If one looks beyond the meaning, to the sense of the word as it is used here, perhaps the word 'operative' is used to imply that something is operating. What could that be? Presumably it is the process of conduction, the to and fro between the conductor and the learner. Is there a better word than the awkward 'operative'. Possibly the word 'dynamic', giving us 'dynamic observation', something compatible with 'dynamic assessment' as used by some elsewhere, and linking hence with Vygotskii's zone of next development.

It's probably too late now, though, to rid ourselves of this word. Most conductors will be fixed on 'operative' or, if they are Hungarian, its Hungarian equivalent. Most of those not of the paradigm will continue to ignore what is to them a meaningless bit of jargon and then understand from what they do hear the kind of observation that they know anyway, passively observing things as they are rather than checking and counter-checking how they might be made better.

In 1971, in a very awkward English translation and with an apparently lack of appropriately psycho-pedagogic terms to discuss the matter, Mária Hári, along with Karóly Ákos struggled to explain in a short chapter (chapter 17) that seemed to regard the words 'conductive' and 'operative' as equivalent when applied to observation. The gist of these three or so pages (in the English edition of 1988) can be read as saying that this observation is an extended, skilled, creatively intuitive, wide-ranging variant of dynamic assessment. I know from private conversation years ago that this is something that Reuven Feuerstein so admired about the work of conductors as he had observed it. Praise from a master is praise indeed.

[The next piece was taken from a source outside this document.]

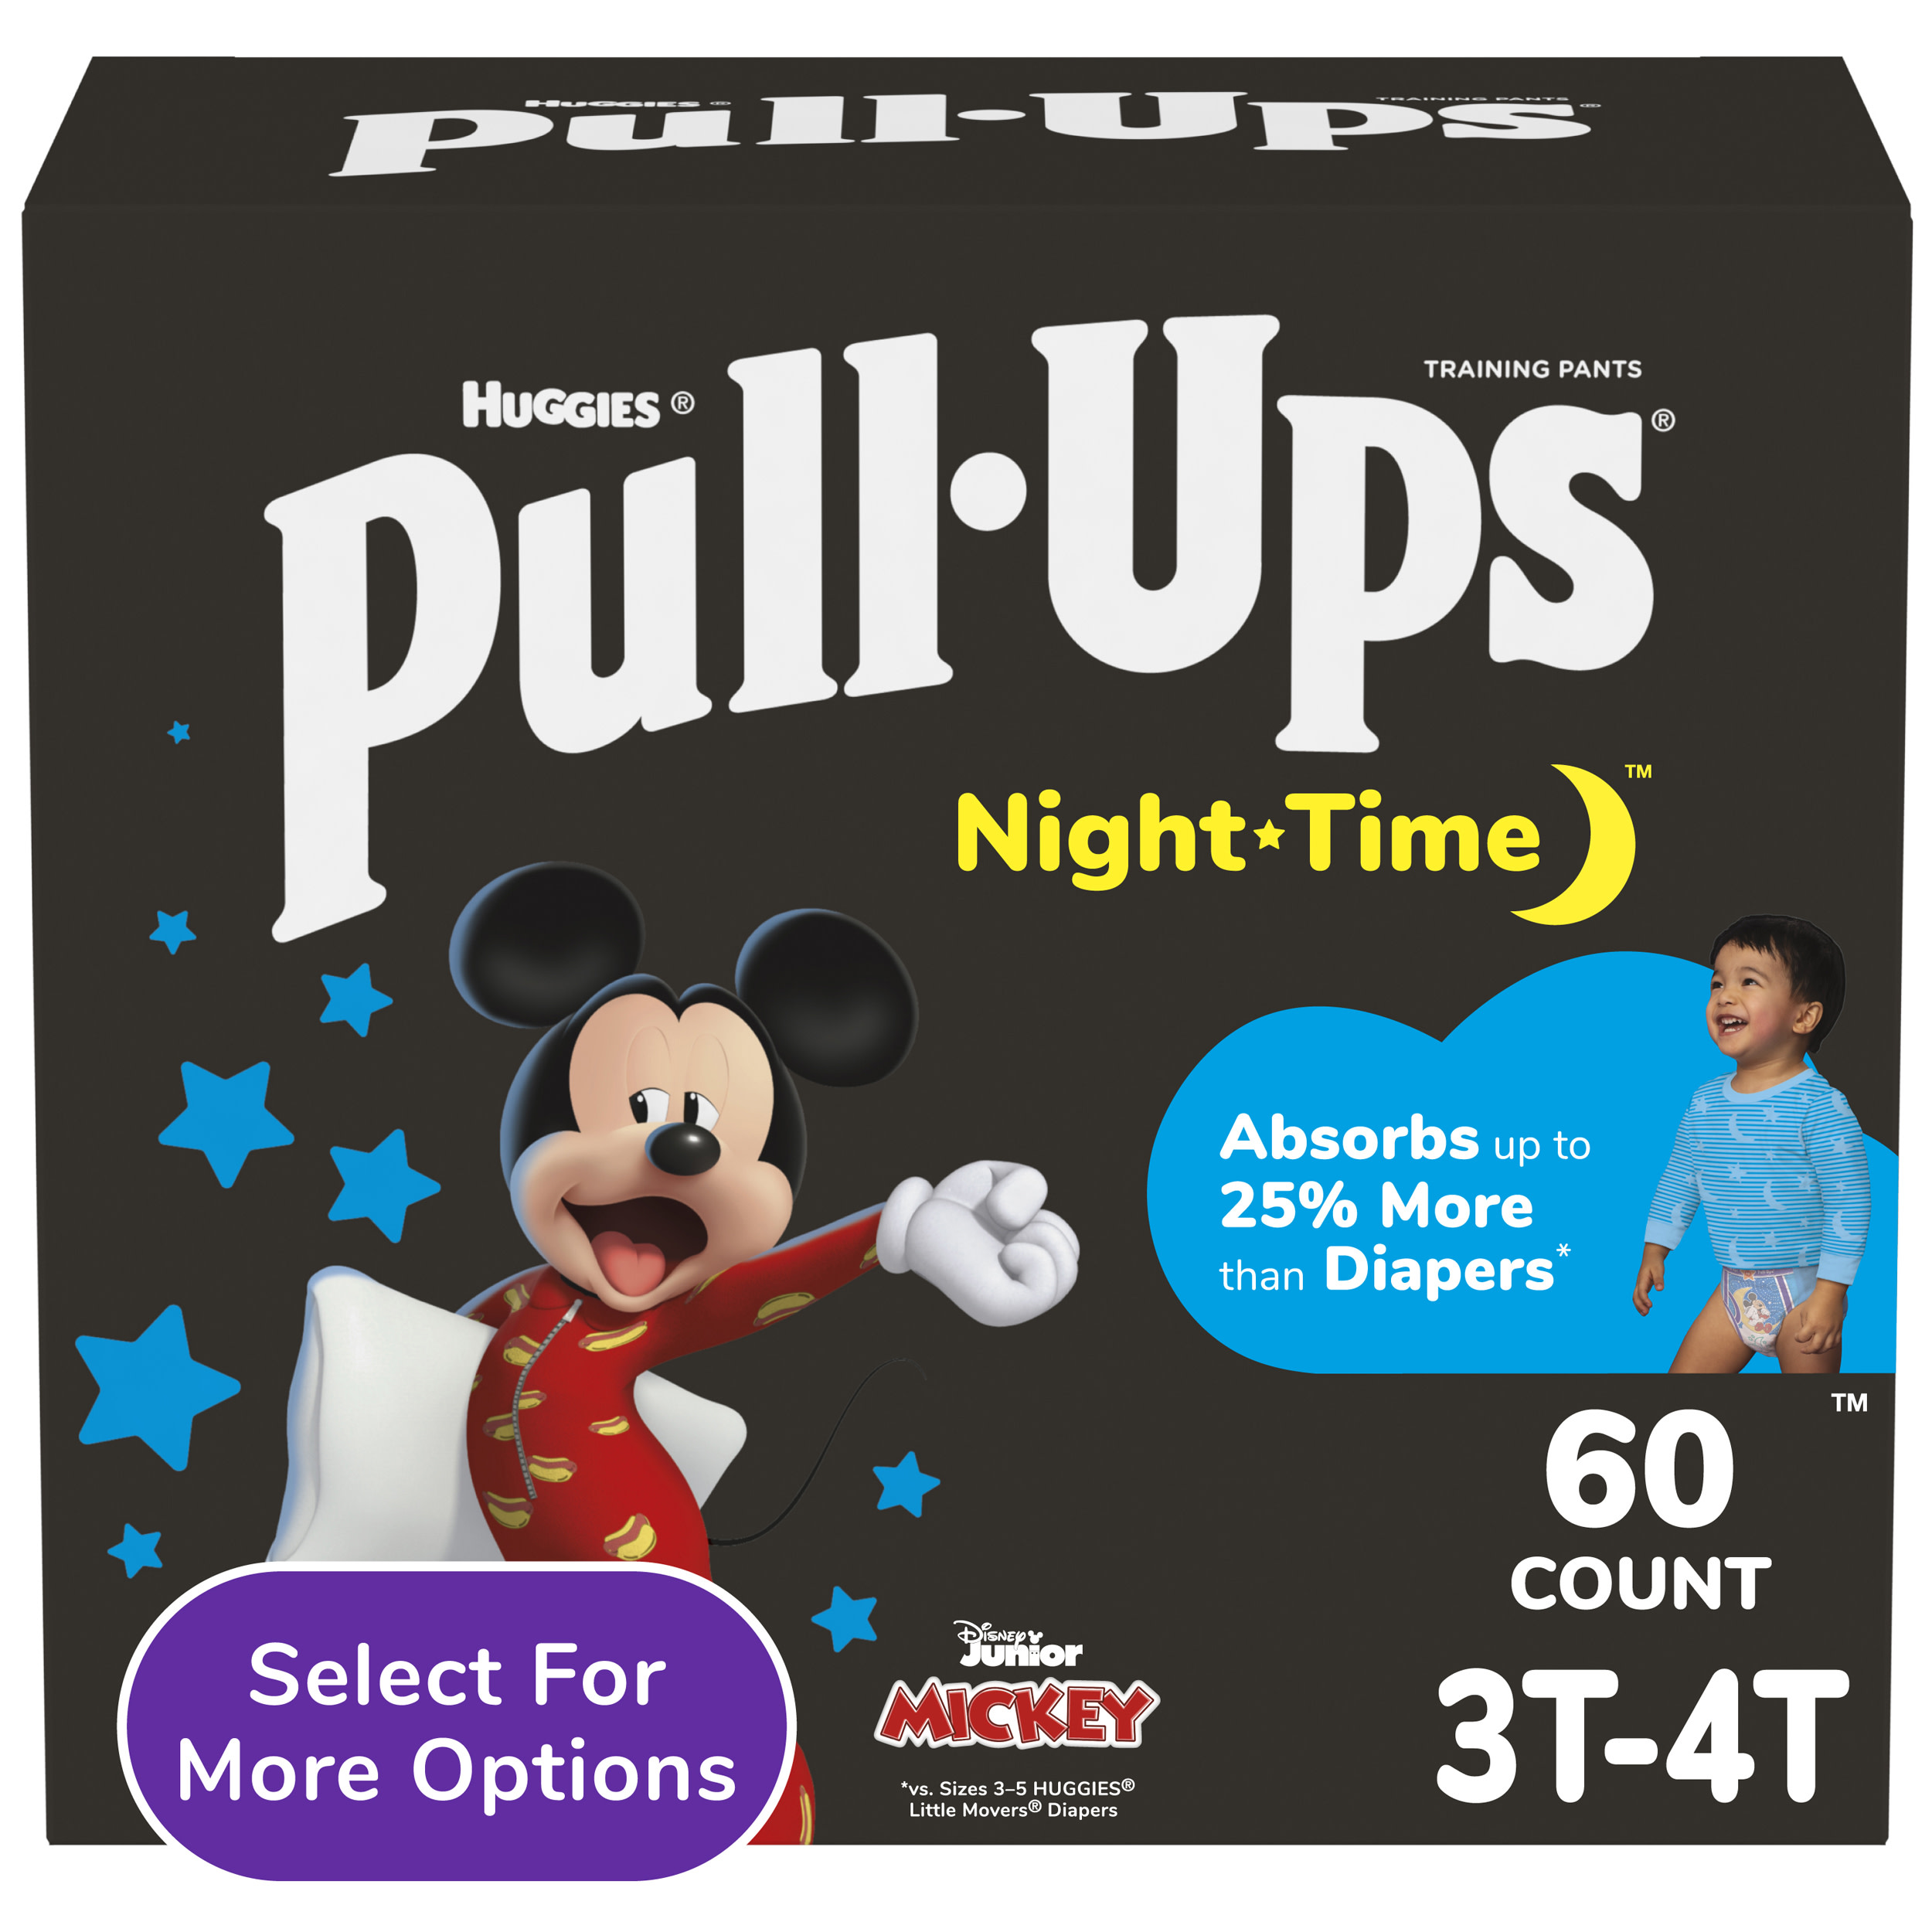 Pull-Ups Boys' Night-Time Training Pants, 3T-4T (32-40 lbs), 60 Ct (Select for More Options) - image 1 of 12
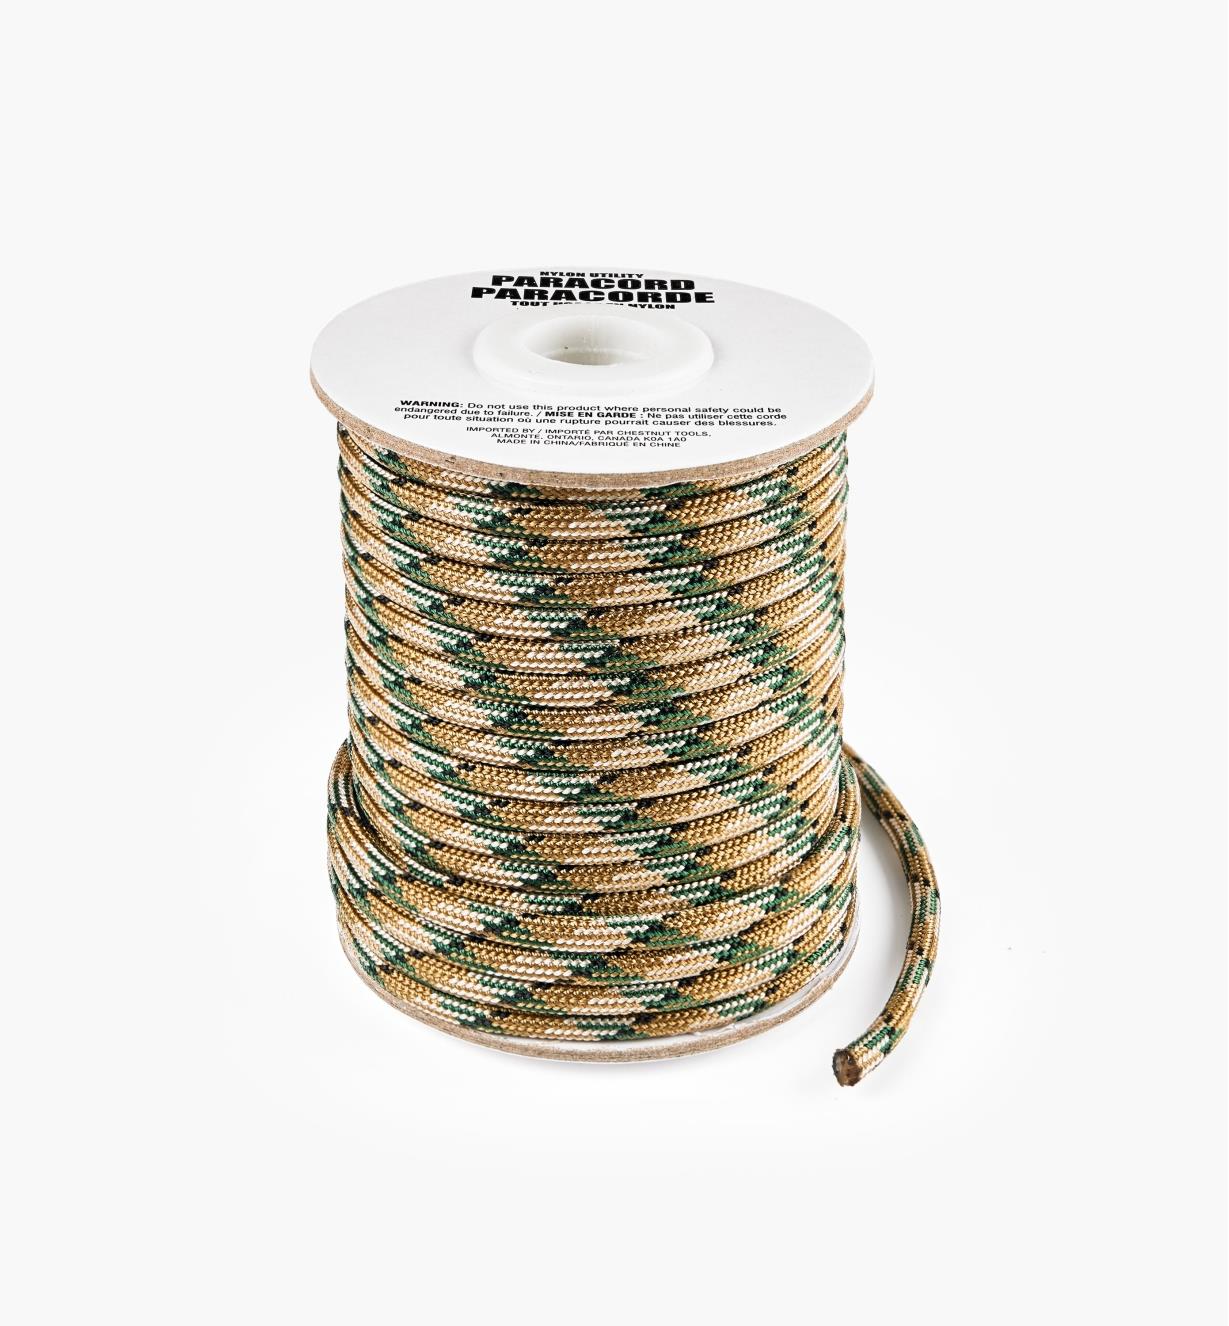 09A0715 - 50’ Paracord, Camouflage Brown

With this in mind, this short chapter crosses from being almost unintelligible to something rather different. Drop the jargon word 'operative', lose the apparently biological word 'reafferentive' (though the better psychological words 'transactive' and 'reciprocal' are almost as bad!). Substitute 'developmental' for the quite wrongly stated word 'biological', as one also has to in Dina. Lose the word 'facilitation ' as this chapter suggests and use instead the equivalent and less ambiguous word 'intervention'. Then perhaps one has here an authoritative statement on what 'observation' means in Conductive Education, to take an articulate place within a universe of other related activities.

It all depends upon what sort of question is prompted by one's paradigm. Not, as H and A put it here (p. 185) 'What can I attribute this to? ' but 'How can I see to it that this disfunctional can do this in in this particular concrete case and in the right way?'
Sorry to bang on here. Thanks for creating the place to do it!.